如何解决我的scrapy shell会永远加载，并给出超时twisted.internet.error.TimeoutError：

我的蜘蛛遇到了问题，这些问题不是交货进口，然后我拿走了它们的start_urls并尝试使用scrapy shell查找错误。不幸的是，即使是易碎的外壳也将永远加载并返回twisted.internet.error.TimeoutError，我该如何解决呢？
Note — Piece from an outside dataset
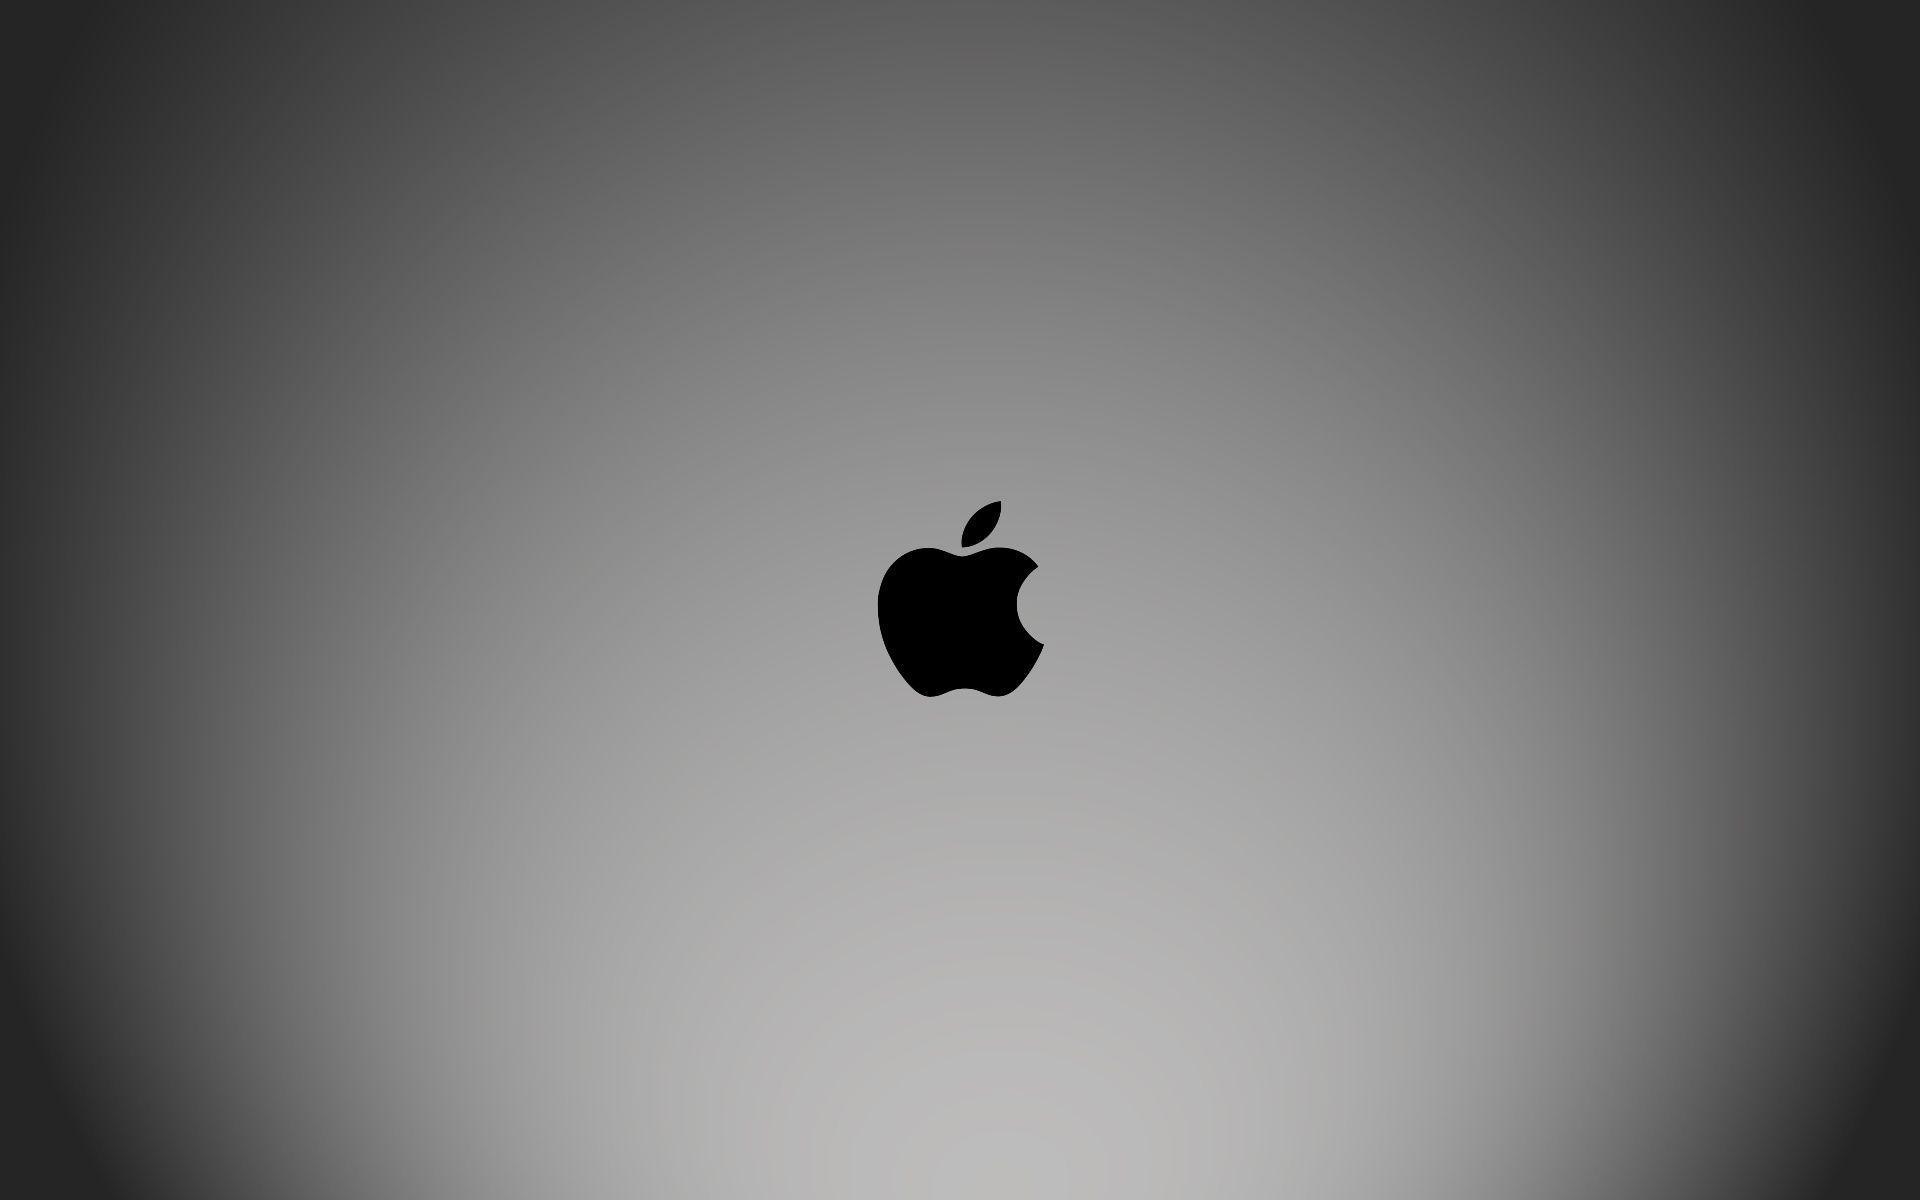 Unduh 500+ Wallpaper Apple Hd White  Terbaik

请在下面看到我的刮scrap外壳命令和错误

root@cf59900d79a8:/workspace# scrapy shell "https:www.mystart_url.com"
2020-08-28 04:37:53 [scrapy.utils.log] INFO: Scrapy 1.5.0 started (bot: crawler)
2020-08-28 04:37:53 [scrapy.utils.log] INFO: Versions: lxml 4.5.2.0,libxml2 2.9.10,cssselect 1.1.0,parsel 1.6.0,w3lib 1.22.0,Twisted 20.3.0,Python 3.5.9 (default,Jul 22 2020,13:58:49) - [GCC 8.3.0],pyOpenSSL 19.1.0 (OpenSSL 1.1.1g  21 Apr 2020),cryptography 3.0,Platform Linux-4.19.76-linuxkit-x86_64-with-debian-10.4
2020-08-28 04:37:53 [scrapy.crawler] INFO: Overridden settings: {'DUPEFILTER_CLASS': 'scrapy_splash.SplashAwareDupeFilter','DOWNLOAD_TIMEOUT': 40,'NEWSPIDER_MODULE': 'crawler.spiders','USER_AGENT': 'Mozilla/5.0 (Macintosh; Intel Mac OS X 10_12_2) AppleWebKit/537.36 (KHTML,like Gecko) Chrome/55.0.2883.95 Safari/537.36','FEED_FORMAT': 'json','FEED_URI': 'http://azurite:10000/devstoreaccount1/%(feed_name)s.json','SPIDER_MODULES': ['crawler.spiders'],'MAIL_FROM': 'scraping.info@yahoo.com','MAIL_USER': 'scraping.info@yahoo.com','CONCURRENT_REQUESTS': 60,'AUTOTHROTTLE_MAX_DELAY': 5.0,'LOG_FORMATTER': 'crawler.middlewares.PoliteLogFormatter','*****': 'hgyTvvty43q','LOGSTATS_INTERVAL': 0,'COOKIES_ENABLED': False,'REACTOR_THREADPOOL_MAXSIZE': 60,'AUTOTHROTTLE_START_DELAY': 0.1,'MAIL_HOST': 'smtp.mail.yahoo.com','DOWNLOAD_DELAY': 0.25,'BOT_NAME': 'crawler','HTTPCACHE_STORAGE': 'scrapy_splash.SplashAwareFSCacheStorage','CONCURRENT_REQUESTS_PER_DOMAIN': 6,'RETRY_HTTP_CODES': [500,502,503,504,522,524,408,429,403],'AUTOTHROTTLE_ENABLED': True,'AUTOTHROTTLE_TARGET_CONCURRENCY': 5.0,'RETRY_TIMES': 10,'LOG_LEVEL': 'INFO'}
2020-08-28 04:37:54 [scrapy.extensions.feedexport] ERROR: Unknown feed storage scheme: http
2020-08-28 04:37:54 [scrapy.middleware] INFO: Enabled extensions:
['scrapy.extensions.corestats.CoreStats','scrapy.extensions.memusage.MemoryUsage','scrapy.extensions.throttle.AutoThrottle','scrapy.extensions.telnet.TelnetConsole','crawler.extensions.ItemLogStats','crawler.extensions.StatsMailer']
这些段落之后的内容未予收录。